Stored items from a collection
==================================================
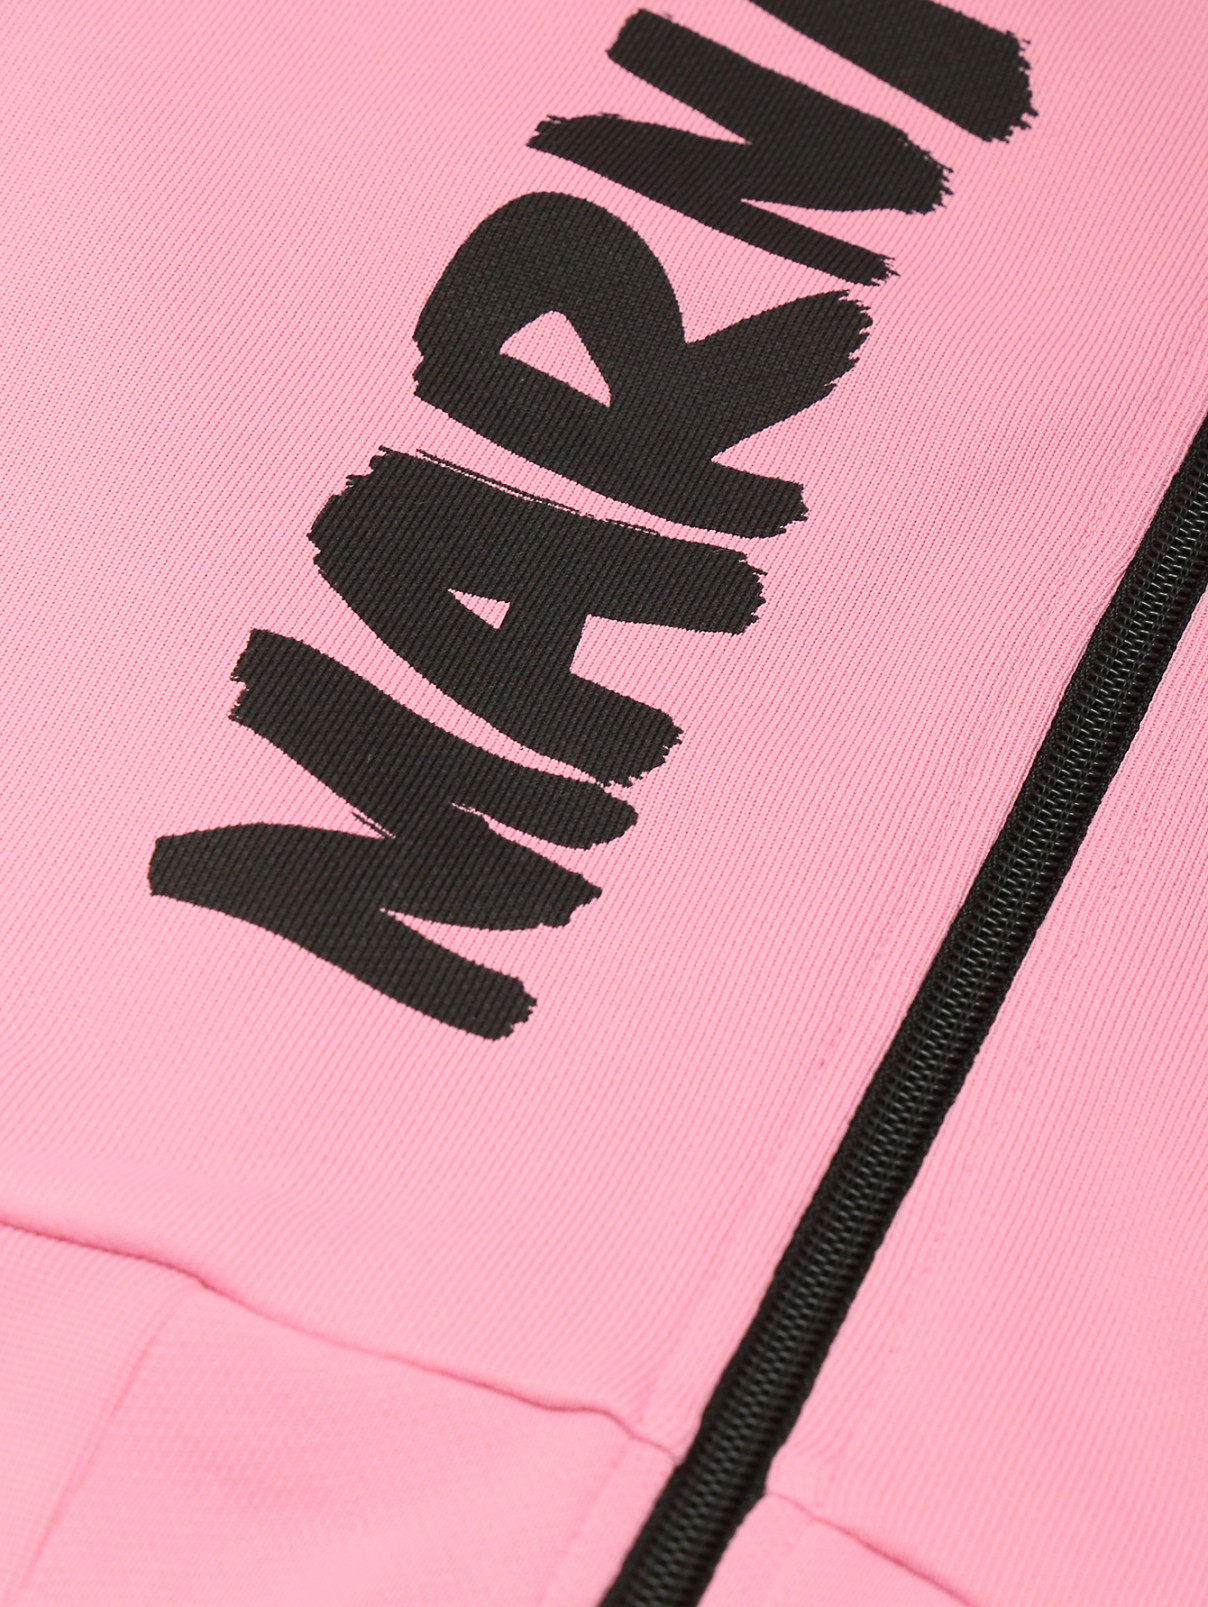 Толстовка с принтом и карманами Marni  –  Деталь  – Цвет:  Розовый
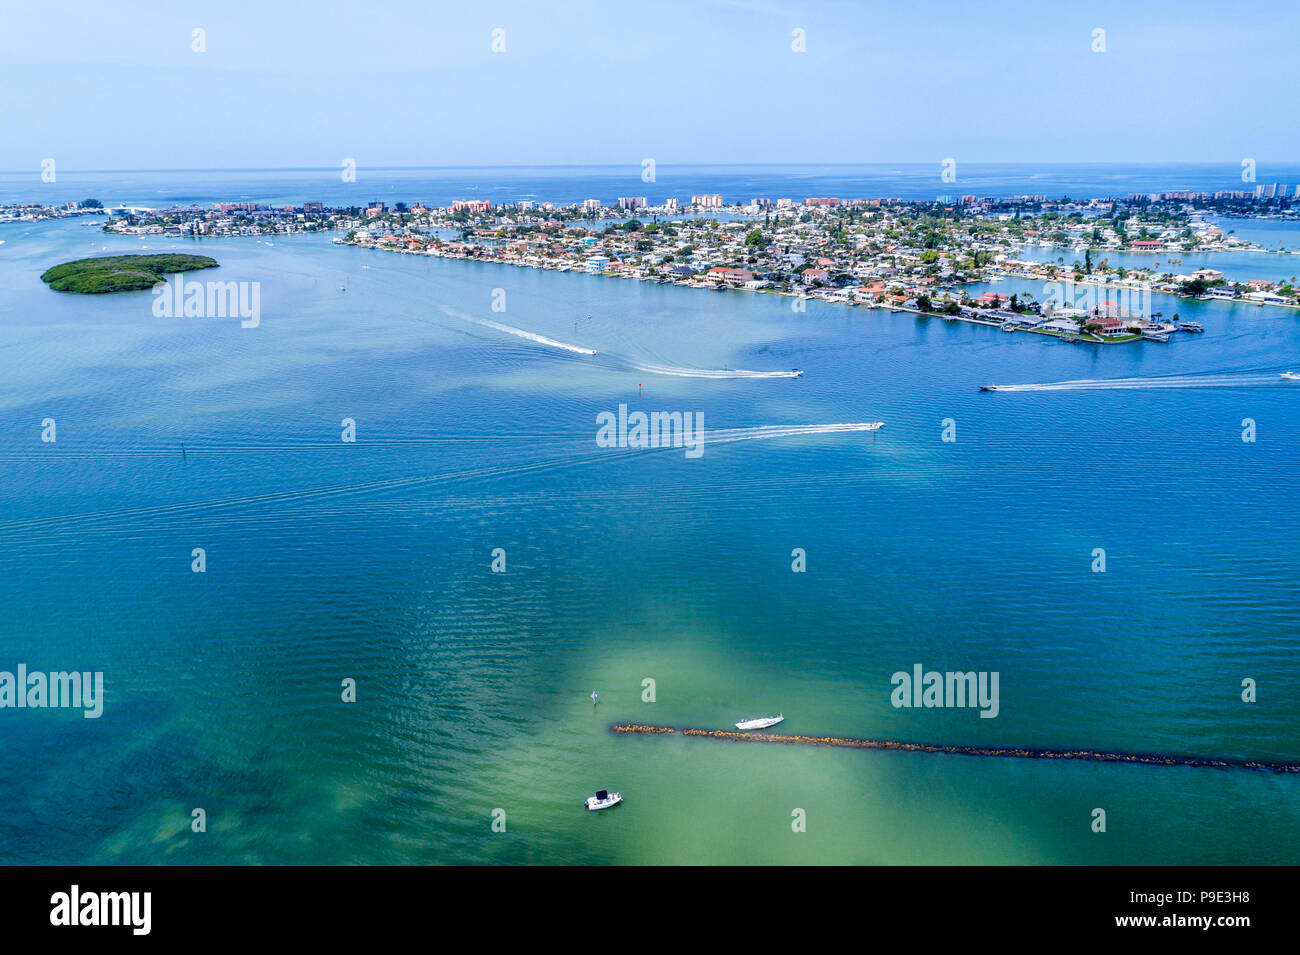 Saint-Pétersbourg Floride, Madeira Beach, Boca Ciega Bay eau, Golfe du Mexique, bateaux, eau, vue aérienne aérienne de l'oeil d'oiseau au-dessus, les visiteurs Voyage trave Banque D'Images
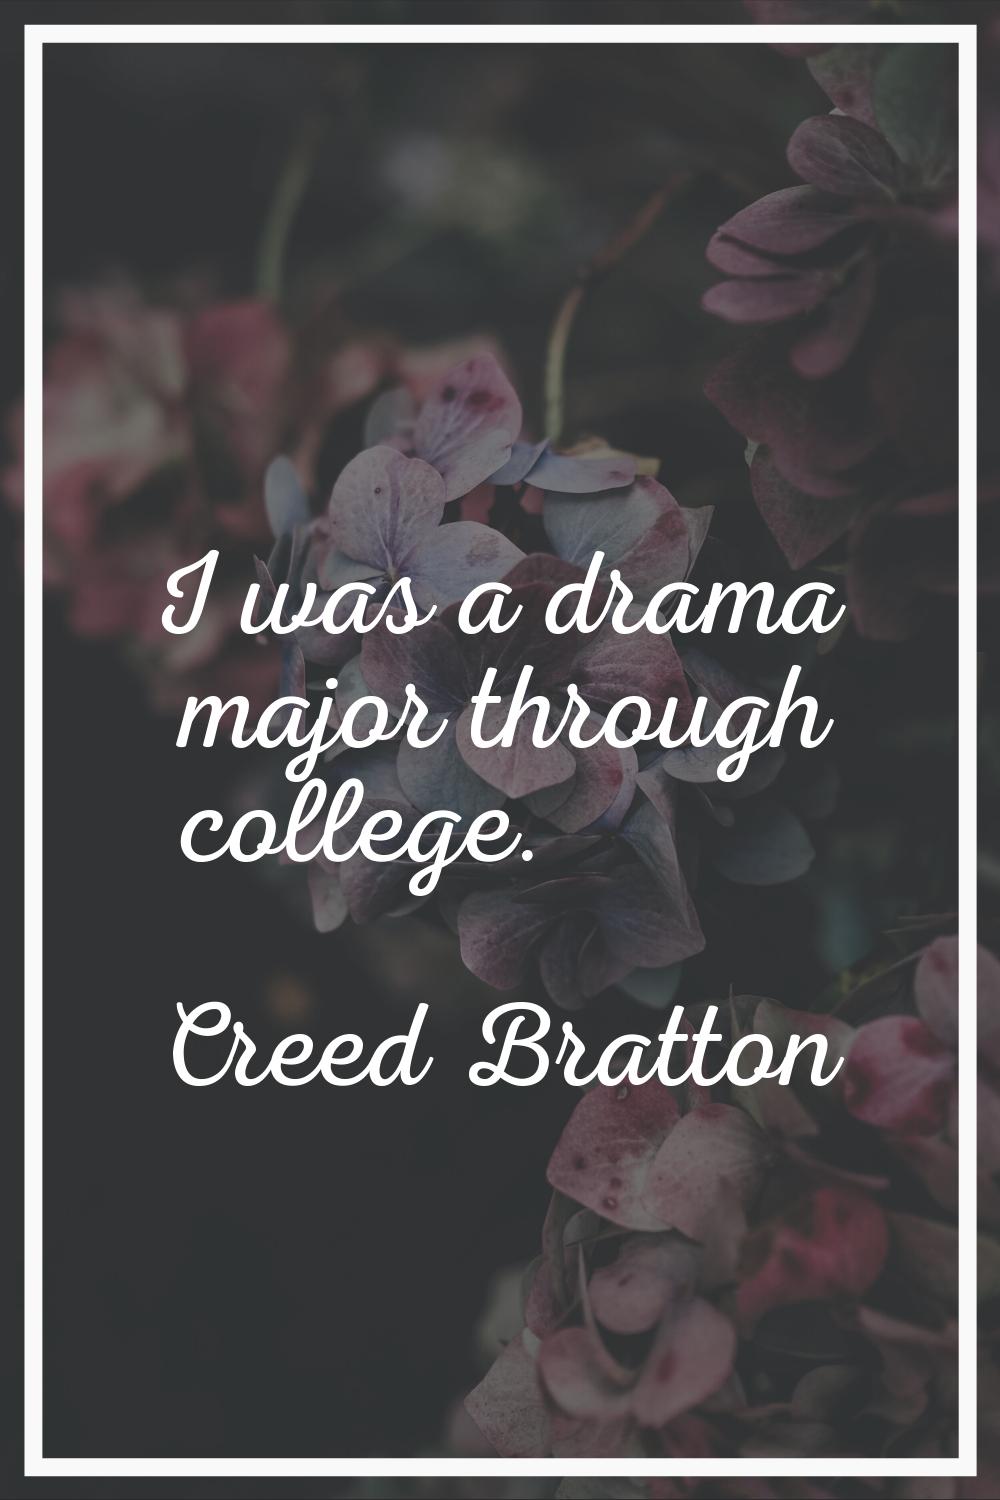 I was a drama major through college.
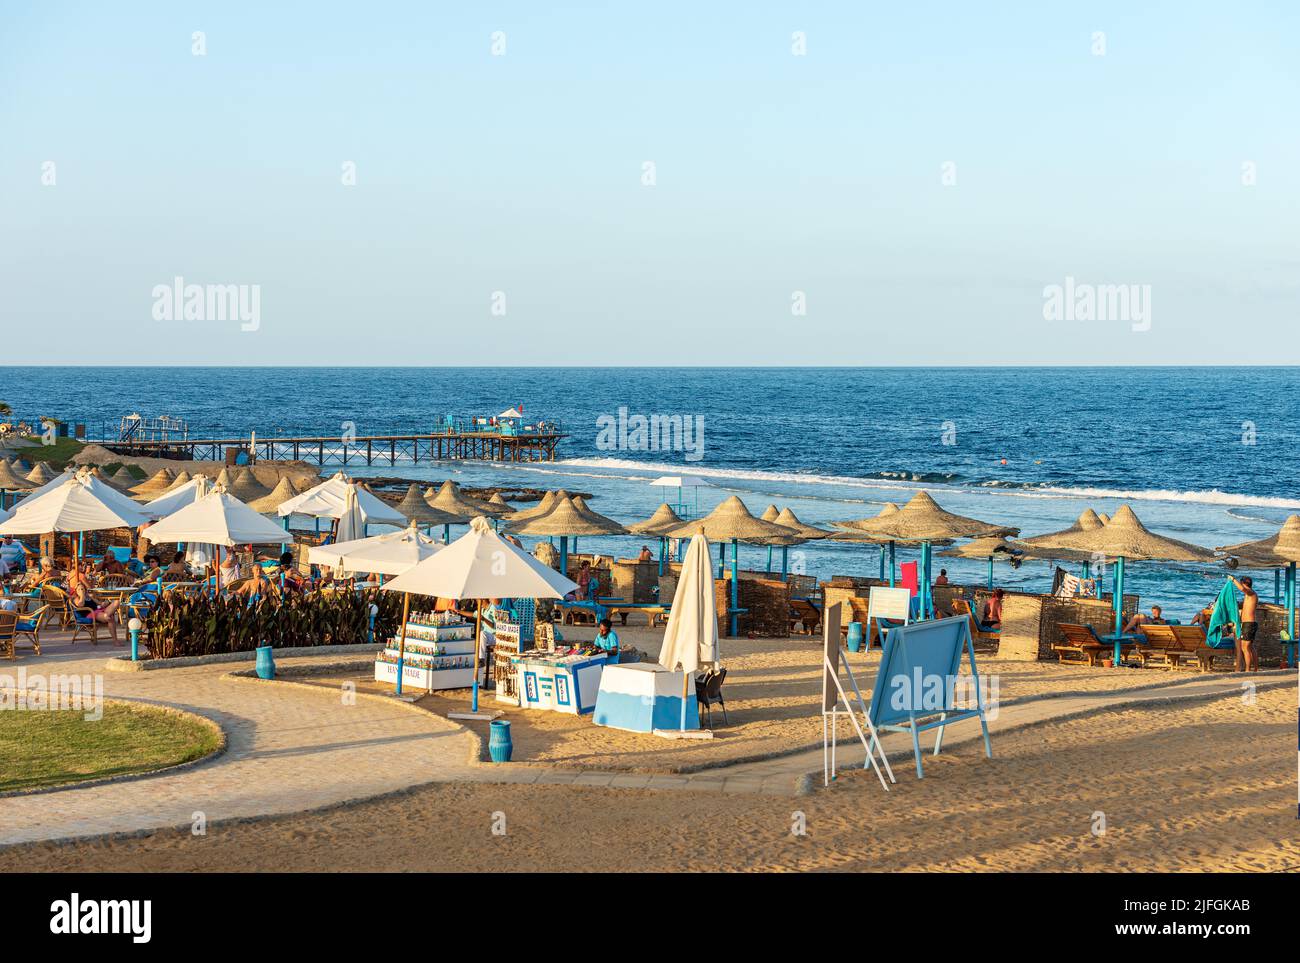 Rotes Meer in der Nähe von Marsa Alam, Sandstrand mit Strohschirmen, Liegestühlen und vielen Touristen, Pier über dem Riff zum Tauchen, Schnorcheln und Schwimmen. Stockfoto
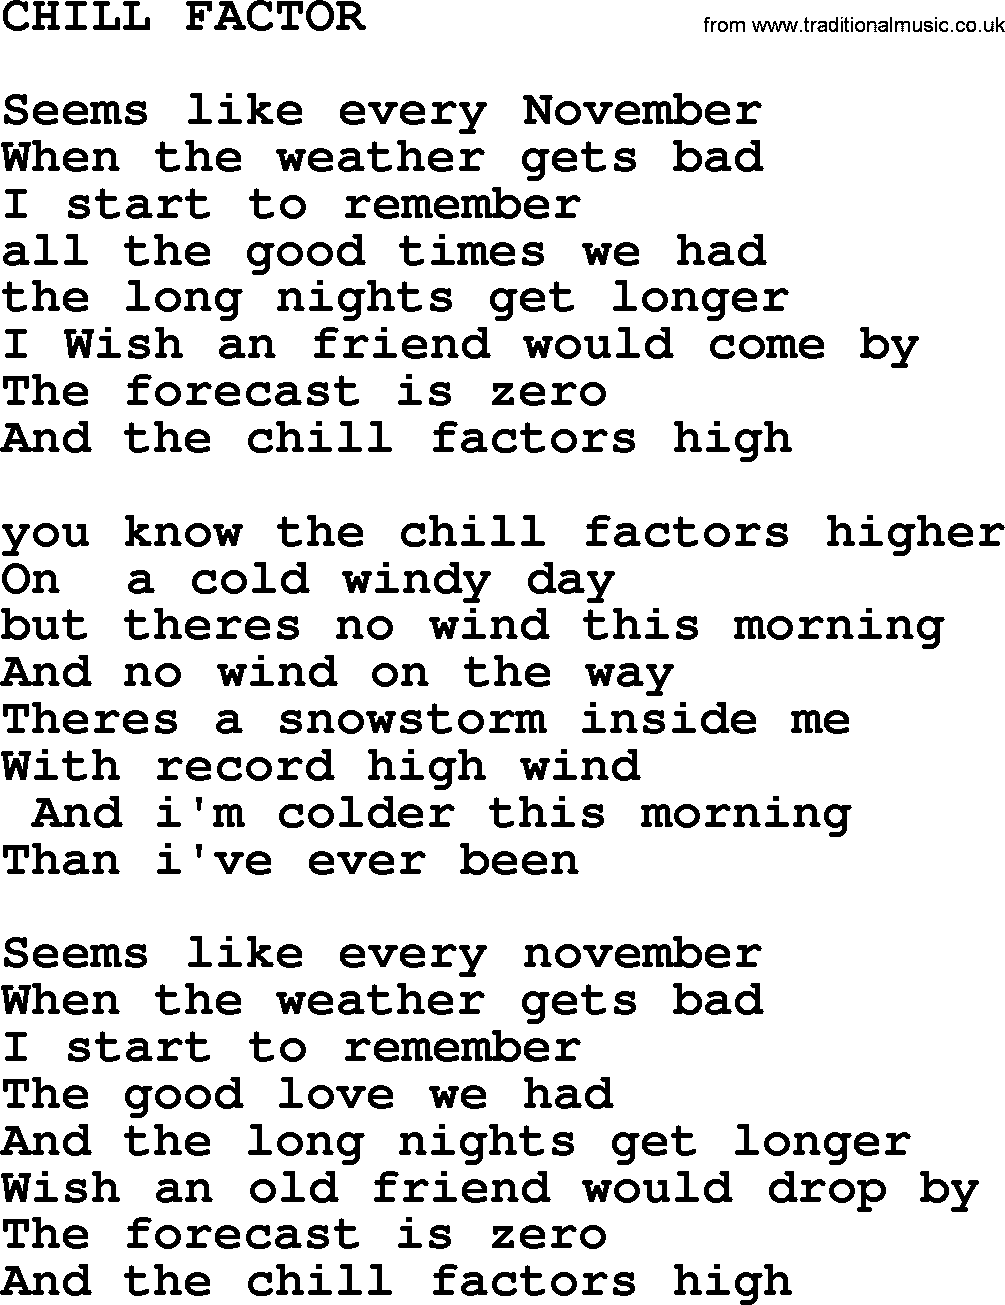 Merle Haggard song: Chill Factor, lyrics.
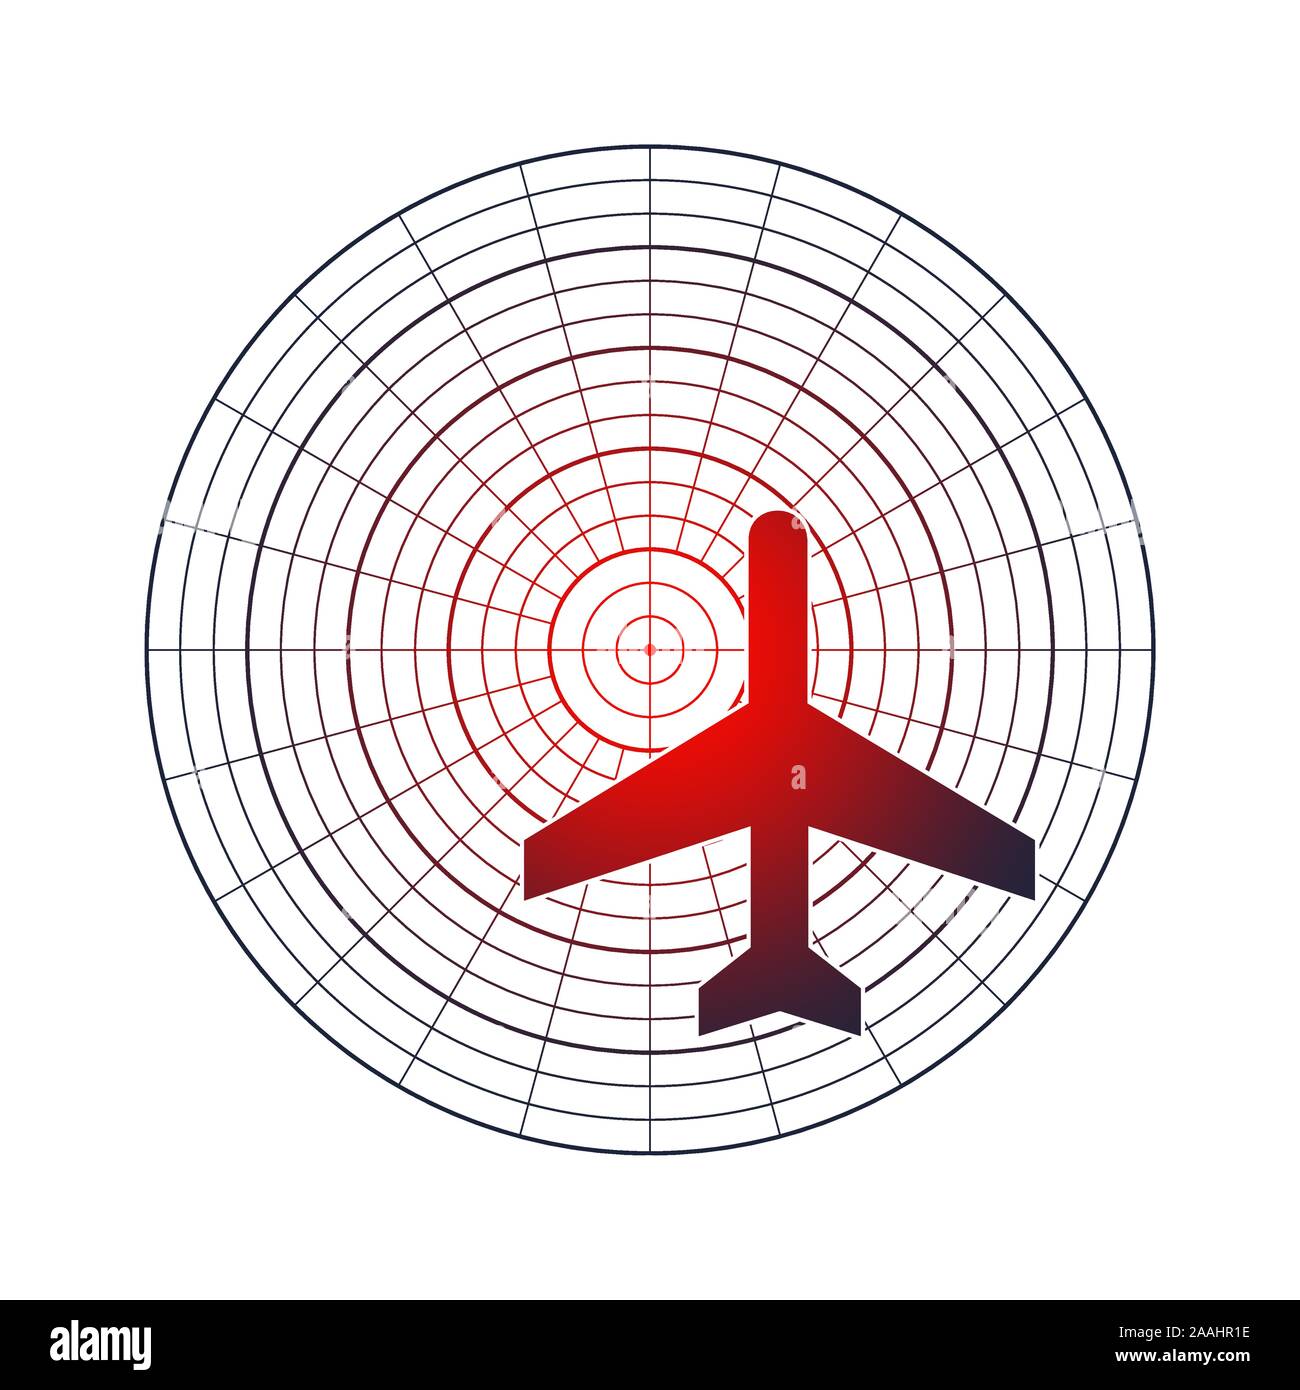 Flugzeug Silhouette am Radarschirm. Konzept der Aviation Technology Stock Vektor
==================================================
-- YOUR OBJECTIVE --
Quote the records above exactly, from the first line through the line containing "I was a drama major through college.", and leave out the pictures.

-- EXERCISE RESPONSE --
 Толстовка с принтом и карманами Marni  –  Деталь  – Цвет:  Розовый
 Saint-Pétersbourg Floride, Madeira Beach, Boca Ciega Bay eau, Golfe du Mexique, bateaux, eau, vue aérienne aérienne de l'oeil d'oiseau au-dessus, les visiteurs Voyage trave Banque D'Images
 I was a drama major through college.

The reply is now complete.